Lastly, if it truly does get done hours ahead of schedule, just wrap it airtight in foil, wrap a couple old thick towels around it, and store in a dry cooler (ice chest).  It'll stay hot for several hours.  Or, you could rest it on the counter until it is cool enough to pull without burning your fingers (maybe an hour), then go ahead and pull it and store it in an airtight container in the fridge until dinner time.  Splash some liquid (I like apple juice and/or the saved drippings from the butt) over it, cover with some foil, and reheat in a 300* oven.

Red


----------



## mike5051 (Nov 13, 2016)

Red and Al have you covered Milkman.  It sounds like your butt is acting normal.

Mike


----------



## sundown farms (Nov 13, 2016)

I have seen butts go to 170 and stall. You could pull one,wrap with beef broth and finish in the oven so you know you will have one or the other to serve. But, four hours is about how long mine take to the stall. 

The one I did yesterday was in the MES for four hours and very little drippings were caught by the pan below.

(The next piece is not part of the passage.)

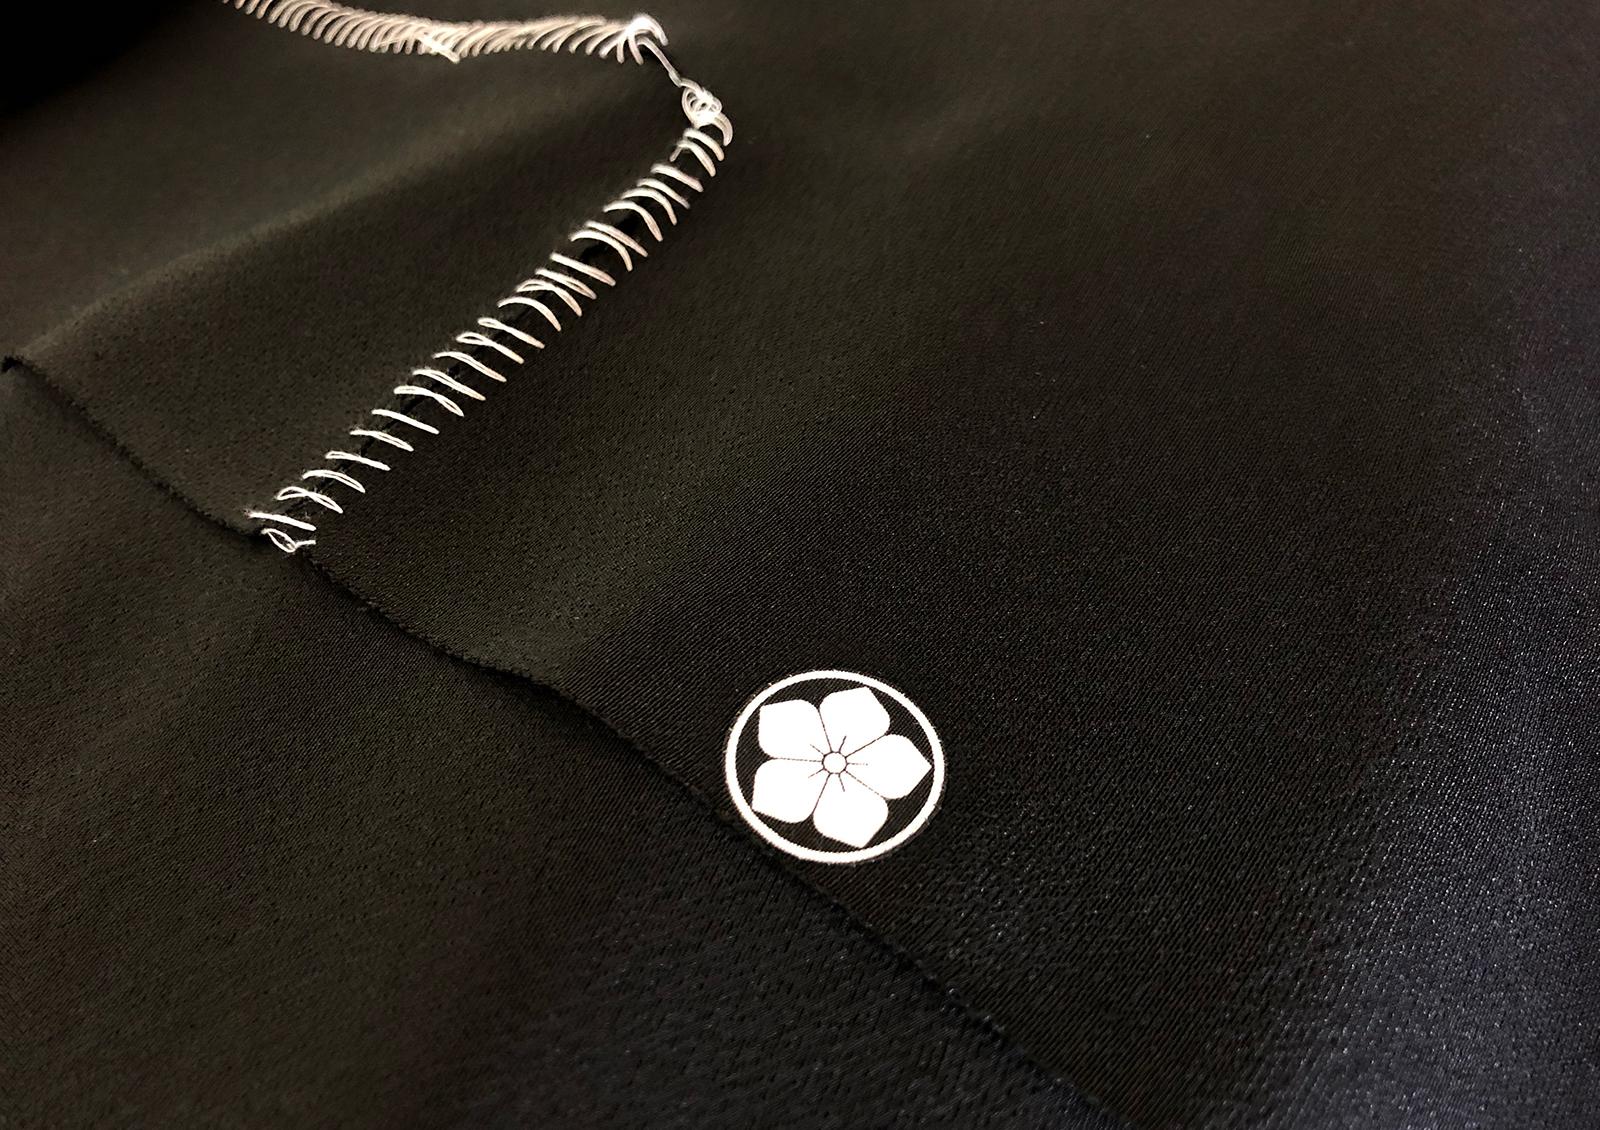 「糸輪に桔梗」の貼り紋。とは気づかれないのでは?
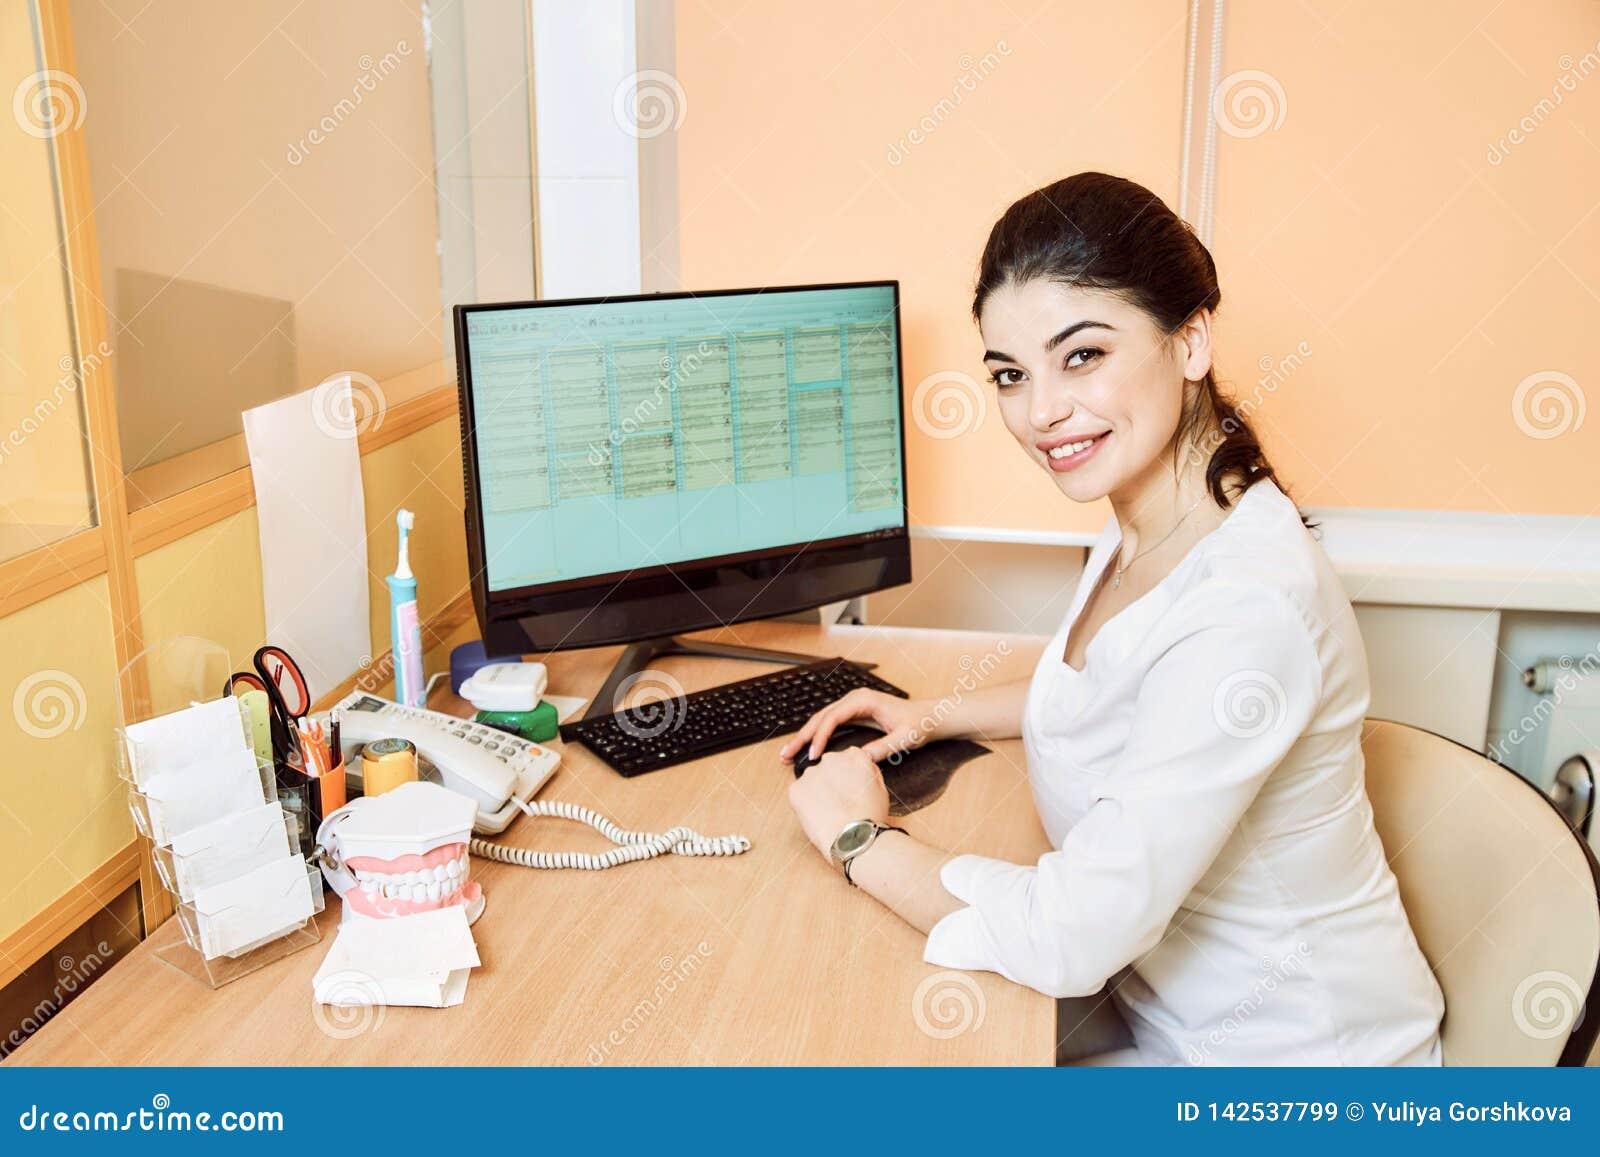 坐在桌上的牙医女孩在计算机和创造一个纪录

I pulled, wrapped tight and finished in the convection oven. When it reached an IT of 205 I easily had over a quart of drippings in the foil and the meat was very moist. Give it time to cook out the fat. 

You are smart to not trust the thermos until you have tested them. But for now relax, have an adult beverage or cup of coffee and enjoy the smell of the smoke.


----------



## miklman3477 (Nov 14, 2016)

The first one ended up reaching 205 by 15 hours and the second one made it to about 17 hours. There were definitely a few dry chunks around the edges, and the bark was very charred on top. But I attribute that to the temp being too high during the first few hours of my cook. Other than that the meat turned out great. This is still only my 3rd smoke so I'm still learning.


----------